SeqID for Classifier Contain both numerical and alphabetical characters

aalex · May 22, 2019, 5:02pm

Hello,

I noticed on the linked forum post you brought up that the solution suggested assumes that sequence ID's are solely numerical. I have run into a similar problem, but have IDs for the sequences that are both numerical and alphabetical.

How can I circumvent this? And what are the character requirements for using the classifier?

Cheers!
Andrea

Nicholas_Bokulich · May 22, 2019, 6:13pm

Welcome to the forum @aalex!

See the awk script used in this tutorial:

Uppercase valid nucleotide base codes (degenerate codes are accepted).

aalex · May 22, 2019, 8:40pm

Thank you for responding to me so quickly!

I'm not sure the script provided aids me in the problem I am encountering, though I do think I might have miscommunicated.

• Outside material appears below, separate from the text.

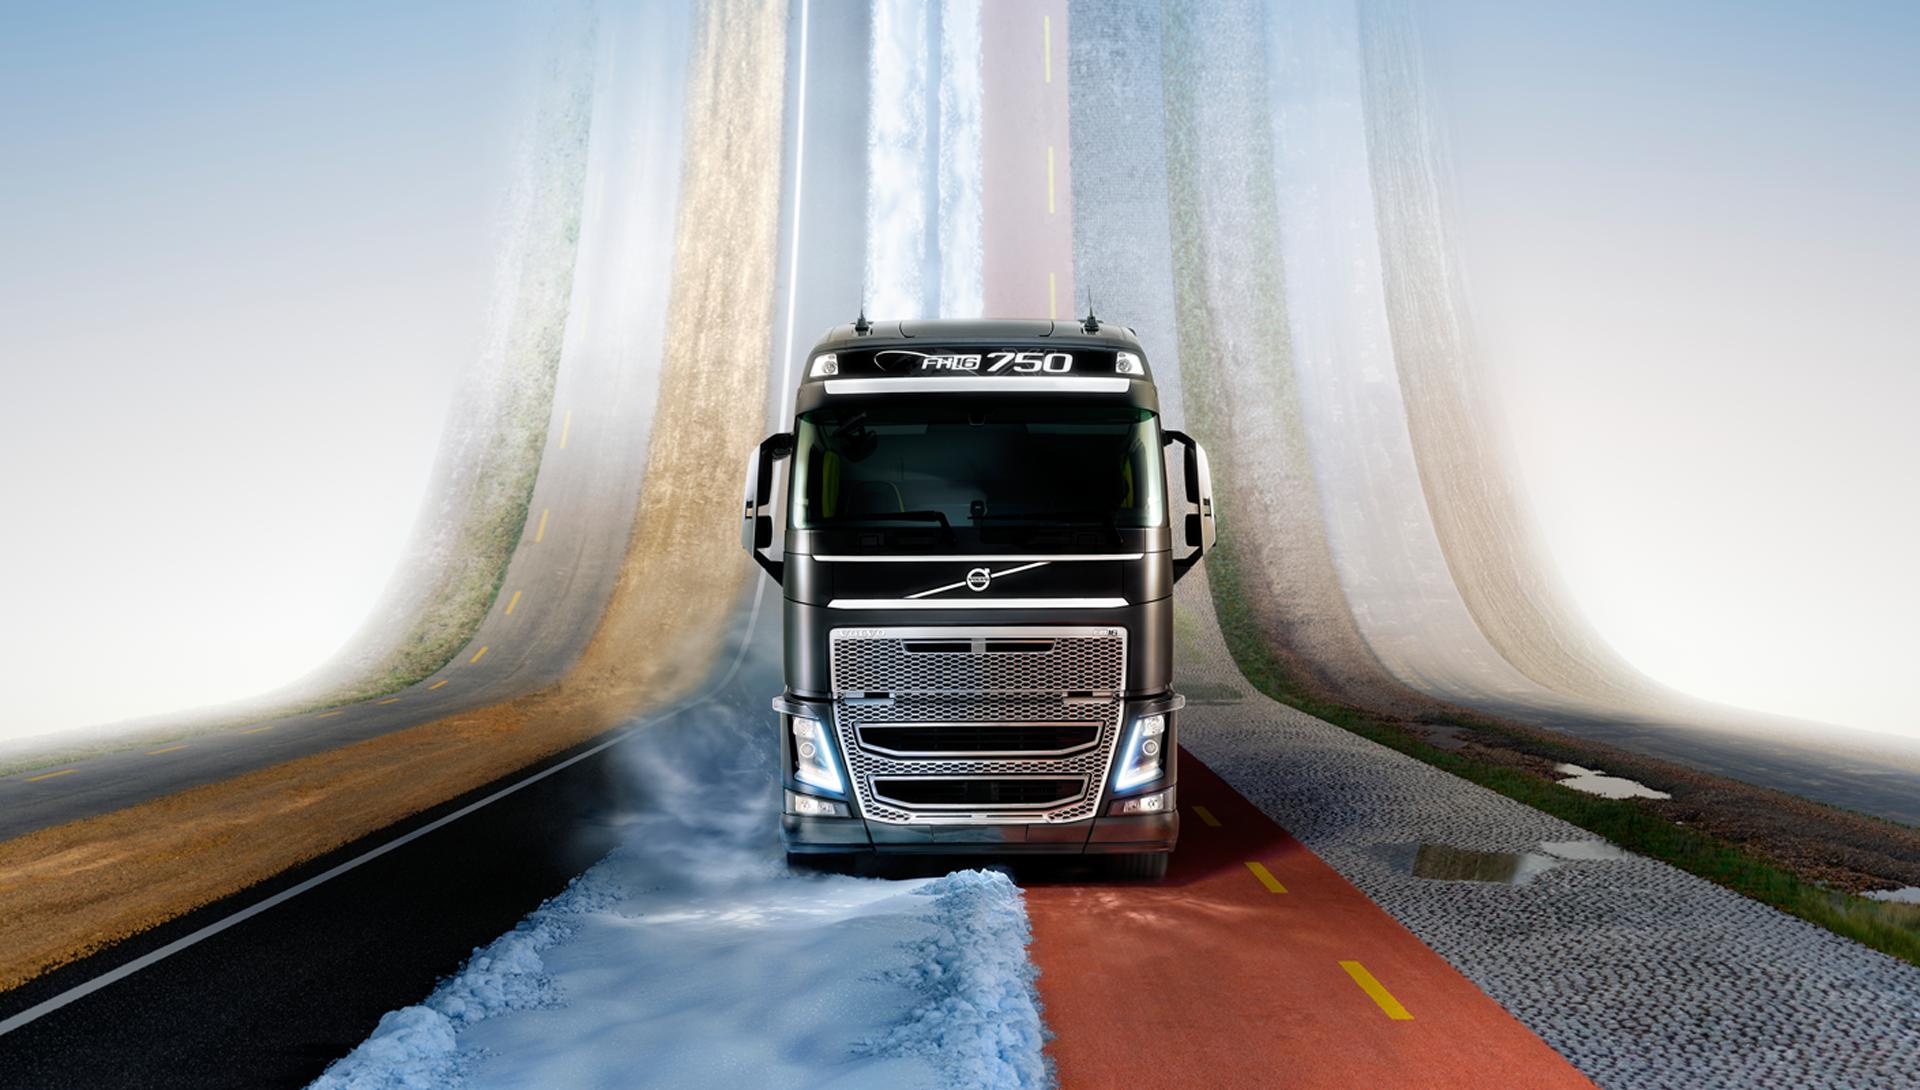 Автотранспорт бизнес план идея бизнеса услуги

I am not getting the ValueError from any of my sequences, or at least, from what I could gather.

This is the error I have seemed to encounter, but "I" only occurs as a character in the sequence ID's, which are formatted as such:

However, if I have understood the tutorial, it is just meant to remove the presence of lowercase letters from the sequence information.

What I was thinking to do is change all characters not in the list of acceptable characters to their lowercase counterpart with respect to the sequence ID. I am uncertain if this would be sufficient to address the error, and if it would allow me to continue onwards and train the classifier.

Sorry for all this!

Nicholas_Bokulich · May 22, 2019, 9:17pm

Yes it looks like you are getting a distinct error message from the topic you linked to. The issue in that topic was lowercase characters in the sequence. Your issue is an invalid character "I"

Those sequence IDs contain "1" (one) characters, not "I" (eye) characters.

The sequence IDs are not relevant here — do not attempt to modify these, it will not fix your problem!

Instead look for "I" characters and convert these, or maybe remove that sequence — do you have amino acid sequences in your file? Because "I" is not a degenerate nucleotide base as far as I know.

Note: you also have gaps in your sequence(s), and apparently spaces between accessions? These gaps and spaces should be removed or they will likely cause other problems.

Let us know if that helps!

system · June 23, 2019, 3:24am

This topic was automatically closed 31 days after the last reply. New replies are no longer allowed.